As always, base64 decoding and split function copy & pasted from somewhere else.
http_filters:
- name: envoy.filters.http.lua
typed_config:
"@type": type.googleapis.com/envoy.extensions.filters.http.lua.v3.Lua
inline_code: |
b='ABCDEFGHIJKLMNOPQRSTUVWXYZabcdefghijklmnopqrstuvwxyz0123456789+/'
function base64decode(data)
data = string.gsub(data, '[^'..b..'=]', '')
return (data:gsub('.', function(x)
if (x == '=') then return '' end
local r,f='',(b:find(x)-1)
for i=6,1,-1 do r=r..(f%2^i-f%2^(i-1)>0 and '1' or '0') end
return r;
end):gsub('%d%d%d?%d?%d?%d?%d?%d?', function(x)

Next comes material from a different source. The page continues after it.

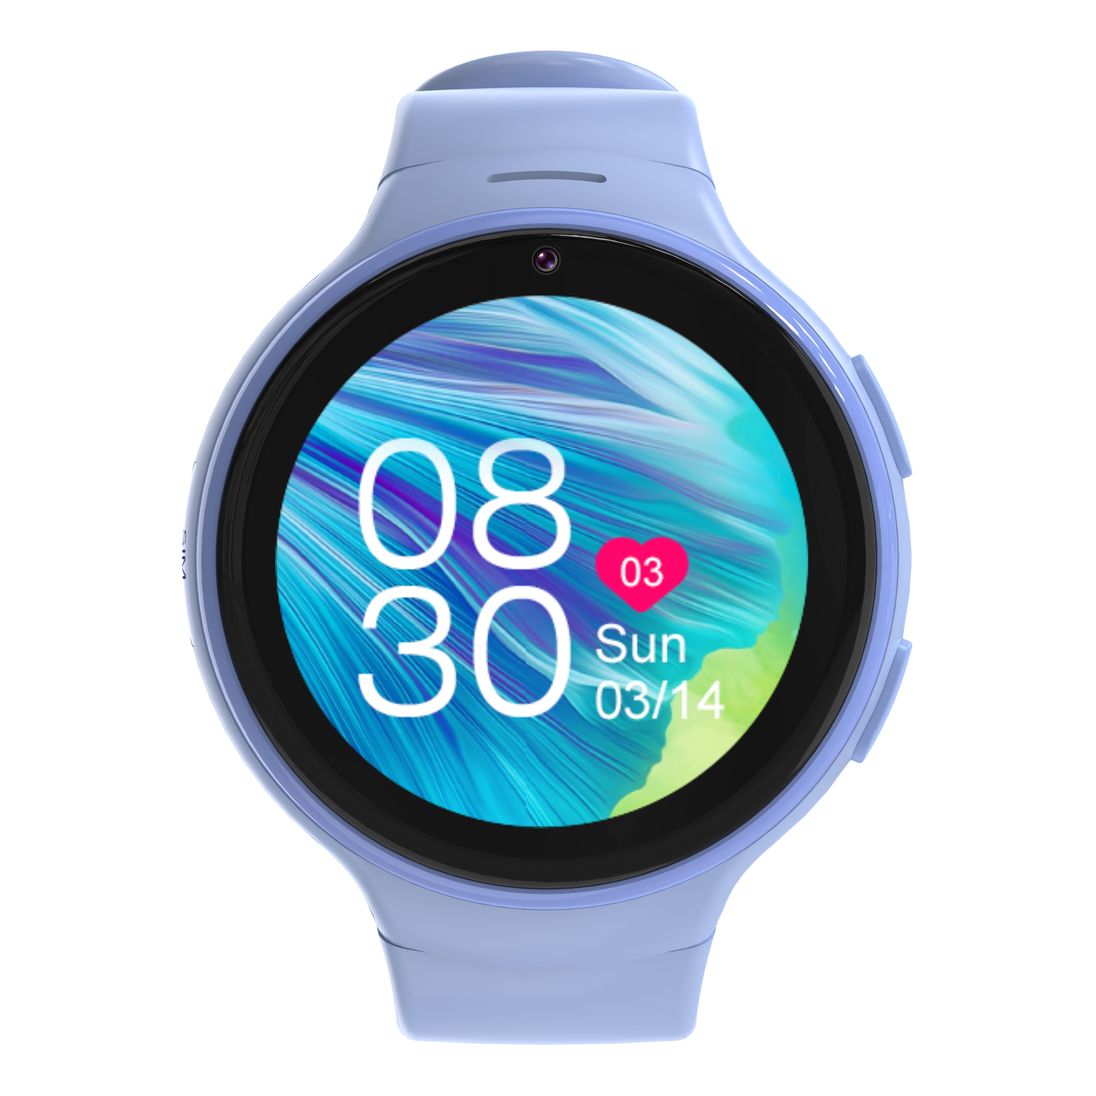 Porodo Kids 4G Smart Watch Android OS With WhatsApp - Blue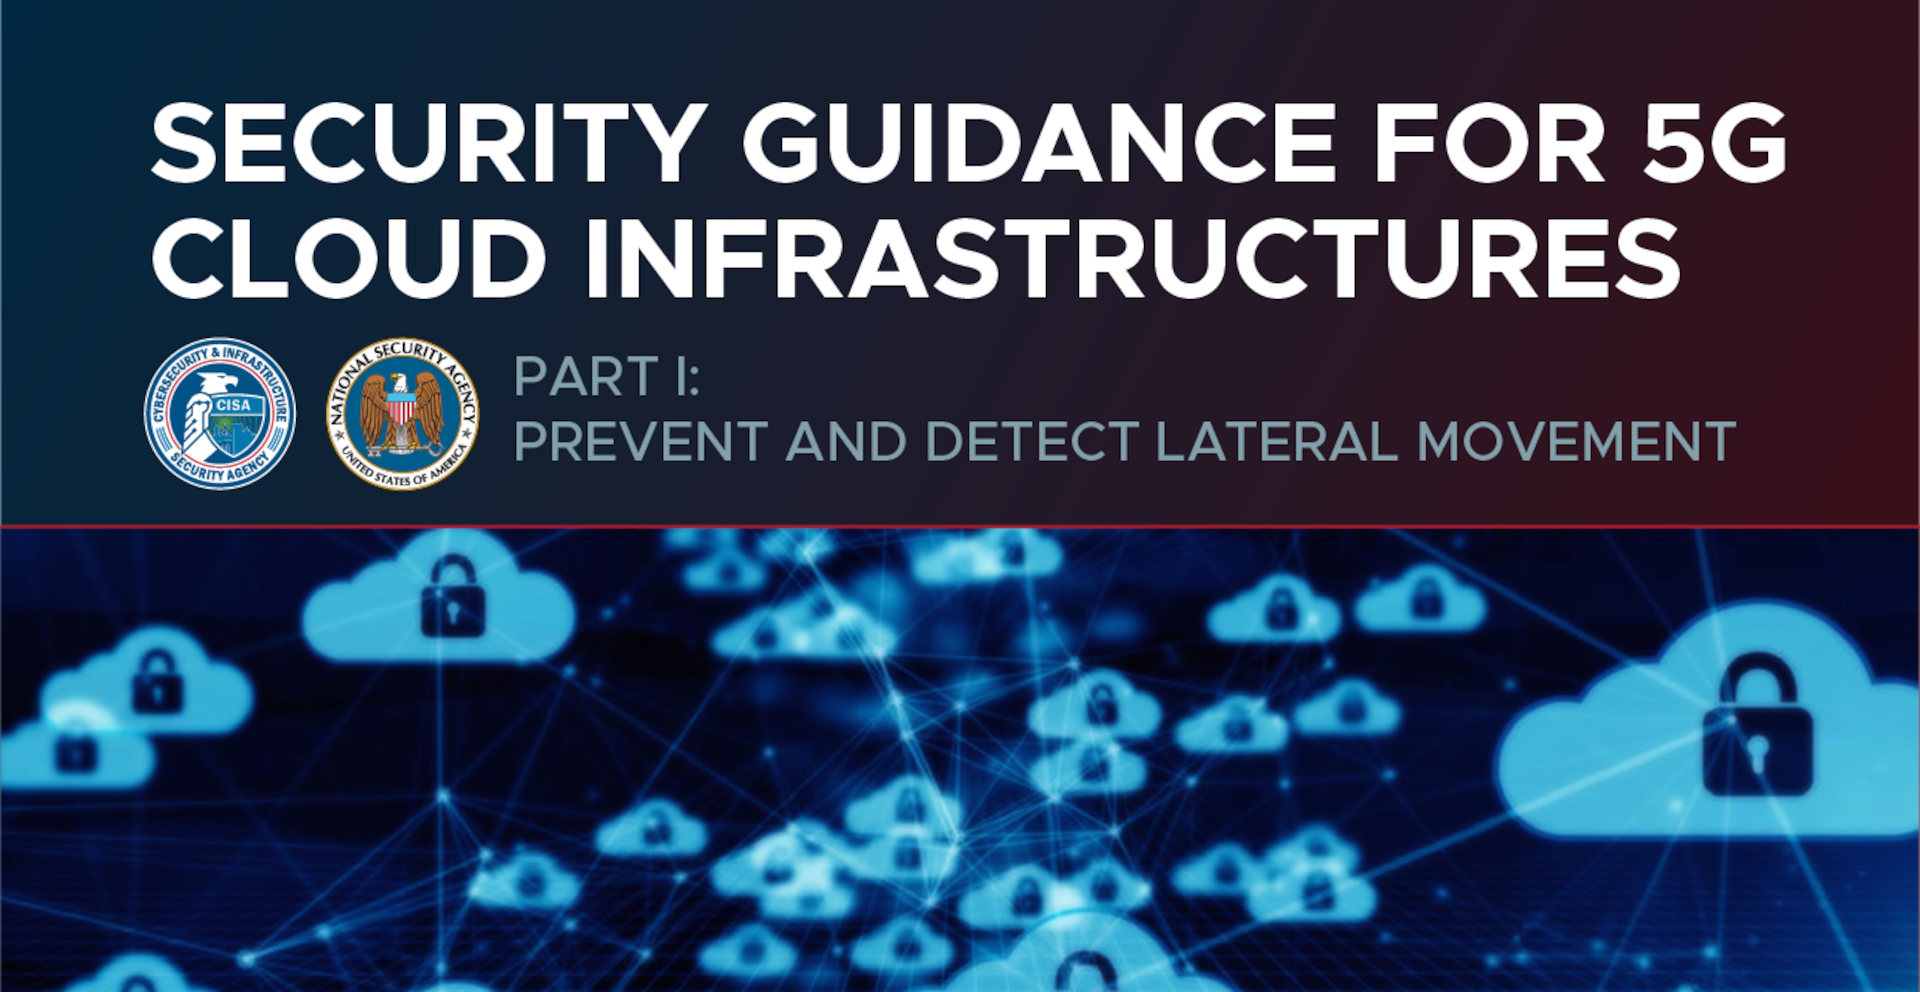 Security Guidance for 5G Cloud Infrastructures

if (#x ~= 8) then return '' end
local c=0
for i=1,8 do c=c+(x:sub(i,i)=='1' and 2^(8-i) or 0) end
return string.char(c)
end))
end
function split(s, delimiter)
result = {};
for match in (s..delimiter):gmatch("(.-)"..delimiter) do
table.insert(result, match);
end
return result;
end
function envoy_on_request(request_handle)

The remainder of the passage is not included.